In realtà, la mattinata di oggi mi ha riportato alla mente un aneddoto raccontato da Giorgio Lo Cascio in un breve libro dedicato ad Antonello Venditti. Sempre in tema di canzoni, mi piace poi ricordare “I matti” (“Terra di nessuno”, 1987) di Francesco De Gregori, protagonista con Antonello e Giorgio del piccolo episodio che cito di seguito e il bel lavoro fatto da Simone Cristicchi con “Ti regalerò una rosa”, il brano dedicato alla malattia mentale che è stato accompagnato anche da un libro e un documentario.
 

Foto tratta da:
 
 

 (…) I matti non hanno più niente, intorno a loro più nessuna città,
anche se strillano chi li sente, anche se strillano che fa.
I matti vanno contenti, sull’orlo della normalità,
come stelle cadenti, nel mare della Tranquillità (…)
("I matti", "Terra di nessuno", 1987, Francesco De Gregori)
 
 

Antonello Venditti “Canzoni”
a cura di Giorgio Lo Cascio,1981 Latoside pagina 17
 
“(…) Vi furono poi situazioni fuori dal comune, come quel giorno in cui il figlio del nostro discografico chiese a Francesco, ad Antonello e a me di tenere un concerto per i ricoverati del Santa Maria della Pietà, che allora venivano ancora chiamati “matti”. Ovviamente accettammo tutti e tre.
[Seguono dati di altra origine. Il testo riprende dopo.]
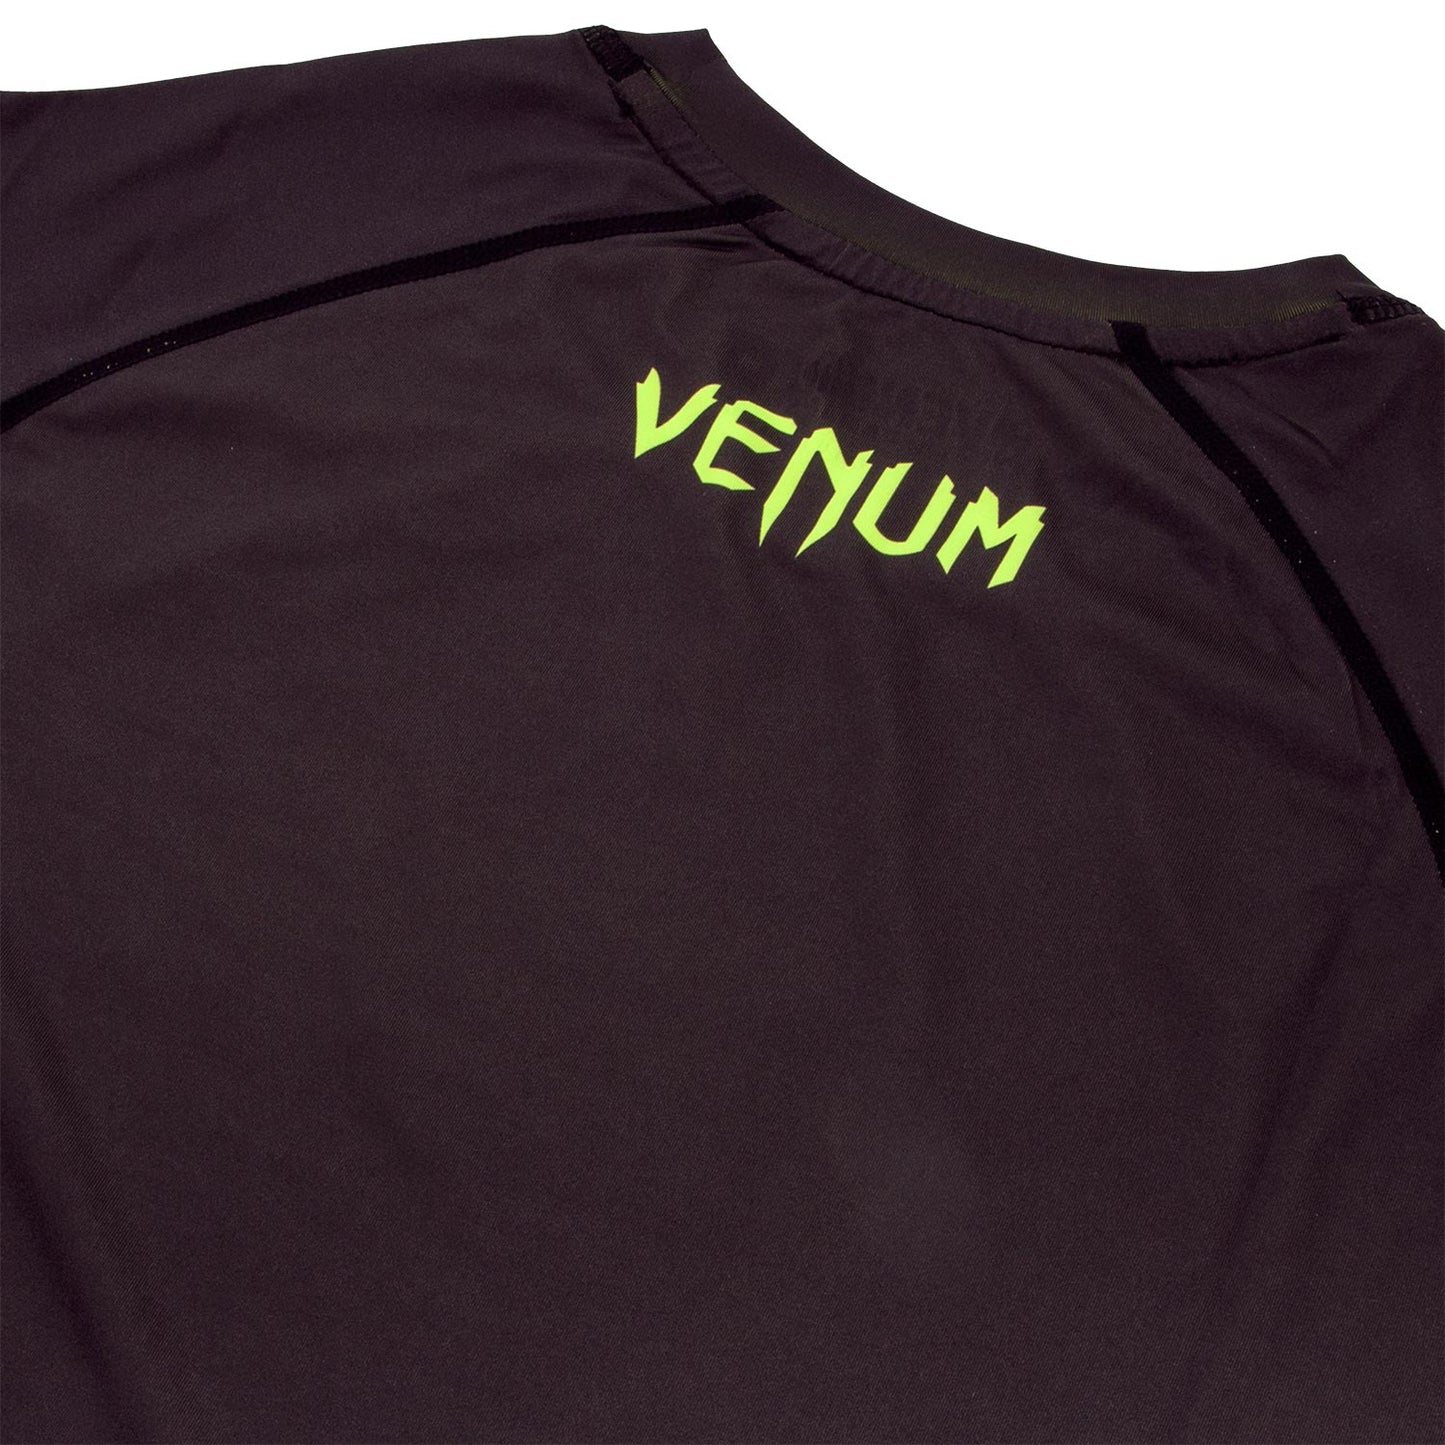 Camiseta de Compresión Venum Contender 3.0 - Mangas Cortas - Negro/Amarillo Fluo

Venimmo condotti in un enorme parco abbandonato che ricordava vagamente il Giardino Zoologico di Roma. C’erano dei padiglioni fatiscenti (non si resiste alla tentazione di utilizzare questo vocabolo) tra i quali si muovevano persone diafane in camicia da notte. Avevano preparato una festa bellissima con dolcini, spumante e festoni alle pareti. Una donna prese in disparte me e Francesco chiedendoci di portare un biglietto al suo avvocato affinché la tirasse fuori di lì, dove l’avevano rinchiusa senza alcun motivo. La suora ci disse che quella era la sua mania, eppure ogni volta che ripenso a quella storia mi ritorna il rimorso sordo di non aver portato quel biglietto, e la sensazione che ci fosse qualche cosa di strano in quella situazione. Il concerto fu accolto con molto entusiasmo, con un entusiasmo forse un po’ scomposto ma indubbiamente spontaneo: Antonello si concesse un applauditissima “Roma capoccia”, io mi ingarbugliai cantando una canzone d’amore, ma il momento più terribile venne quando Francesco cantò “Alice non lo sa”. Antonello ed io ci guardammo terrorizzati in attesa del fatidico ritornello che dice: “Ma io non ci sto più/ e i pazzi siete voi”. Quel momento non venne perché Francesco cambiò con grande disinvoltura l’ultima parte del verso. (….)”
 (….) Mi chiamo Antonio e sto sul tetto
Cara Margherita son vent’anni che ti aspetto
I matti siamo noi quando nessuno ci capisce
Quando pure il tuo migliore amico ti tradisce
Ti lascio questa lettera, adesso devo andare
Perdona la calligrafia da prima elementare
E ti stupisci che io provi ancora un’emozione?
Sorprenditi di nuovo perché Antonio sa volare(…)
Simone Cristicchi, "Ti regalerò una rosa", Dall’altra parte del cancello (2007)

 

4 Risposte a “”

  1. curioso l’aneddoto!problematica seria quella dei “matti”…Ricordo che un mio prof alle medie ci lavorava e cercava di aiutarli col teatro. A noi studenti ricordava sempre che ci vuole sensibilità e che forse i pazzi eravamo noi…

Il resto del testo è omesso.